Male rage and aggression is in some ways more simple and more complicated than what we tackle with their female counterparts. While girls use their language to express their feelings and emotions, the purposes and directions and outcomes are skewed by what they imagine people want to see from them. The indirect damage they cause is, at least, generated through a use of language. Therefore, there is a more direct avenue to course correction. Eventually, we hope to support girls in using a critical human tool in an appropriate manner. The damage that they can cause is very real, but its potential solution is found inside the very system that supports it.

The issue with boys, who then become men, is that they do not even have the toolbox. We have not helped them develop a method to express their rage. We know what the issue is. It’s just so clear. But the work can be a real slog if not addressed early. And the ramifications are catastrophic. Just under 90% of the violent crime in the United States is perpetuated by men, largely toward other men. A woman is beaten every 9 seconds in this country. More women are injured by physical and sexual assault than by any other source. A reported rape takes place in this country every 6.2 seconds. (SOURCE: Center for Disease Control) Add in all of the ones that go unreported and you are, conservatively, at a rape every 3 seconds. Rape and sexual assault is a crime of violence. It is about physically brutalizing someone else, controlling them, and ultimately denigrating them in the worst possible way. It is rage at its most exposed.
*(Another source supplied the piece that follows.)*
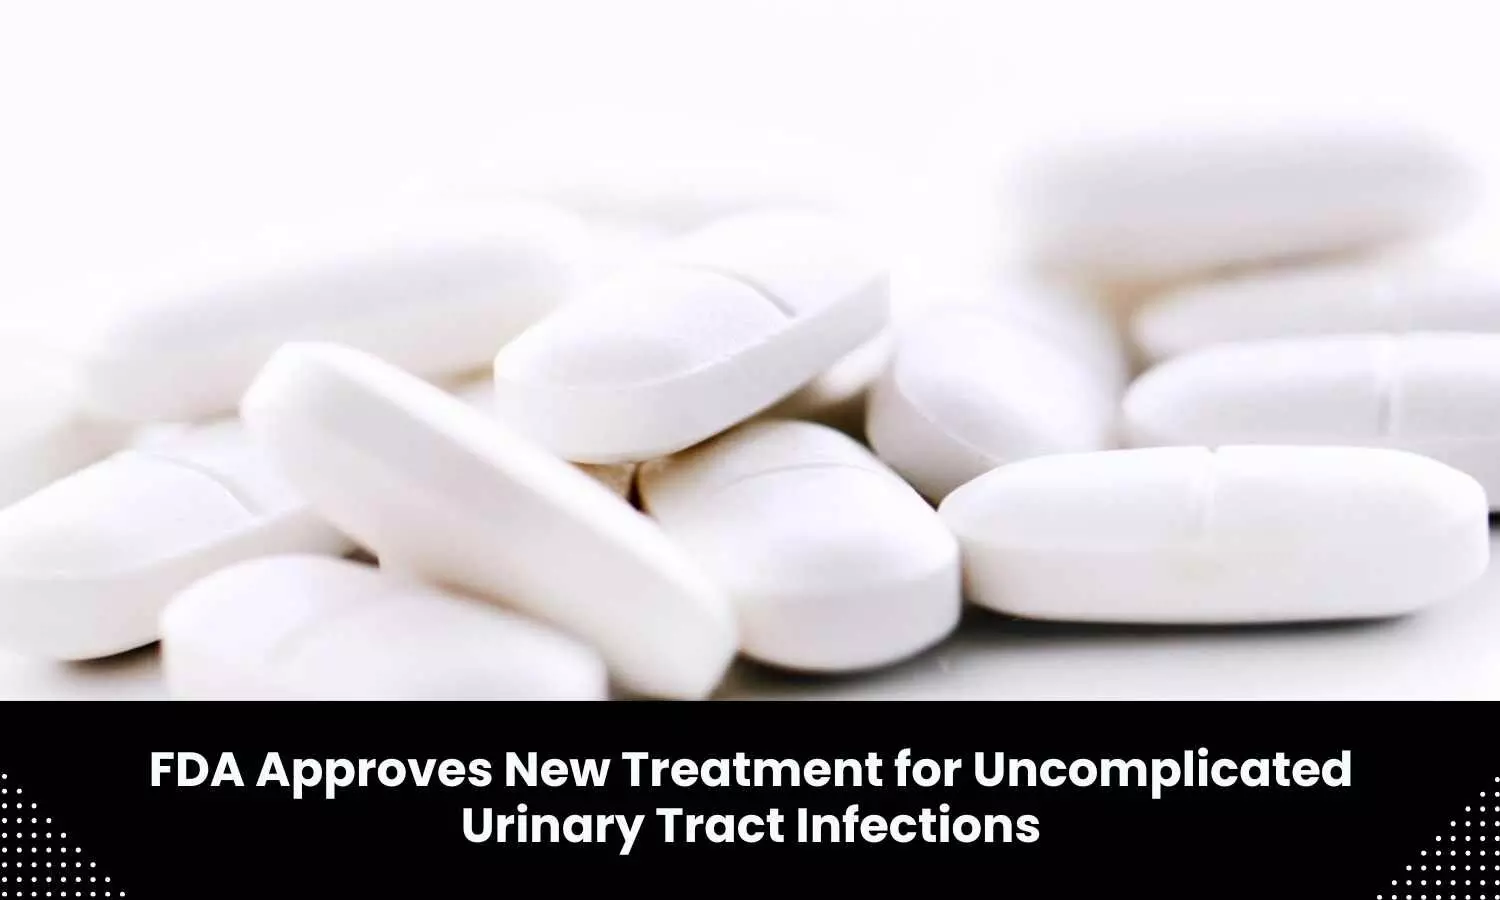 New treatment for Uncomplicated Urinary Tract Infections approved by FDA

It is entitled male aggression which, until very recently and still in parts of the world, are culturally sanctioned.

And this patterning happens early and gets established as part of the schooling process. We spend an inordinate, almost criminal, amount of time contending with boys’ behavioral issues at schools. The entire gamut of what teachers deal with throughout the school year and in their classrooms is some form of missed opportunity at real communication played out in everything from clowning around to bothering other students to getting into fights. The amount of time that these students lose that they could be using to learn and thrive inside of classrooms is unnerving and frustrating. No wonder that, as mentioned previously, boys are forever finding themselves on the tail end of the bell curve of literacy and communication skills. We are are not doing the work of fostering these skills as relevant and important for them to have, even on the critical and basic playground of human interactions. We may want to teach our boys and young men how to read, write and speak so they can find success in life; however, what better reason to teach them these skills so they can express their deepest joys, frustrations, sorrows and, yes, anger instead of physically hurting someone else.


*McDermott, J.J. The Writings of William James. (1977) The University of Chicago Press. p.194-214.

*Changeux, J.P. Neuronal Man: THe Biology of Mind. (1995). Princeton University Press. p. 126-169.

**Miedzian, M. Boys Will Be Boys: Breaking the Link Between Masculinity and Violence. (2002) Lantern Books.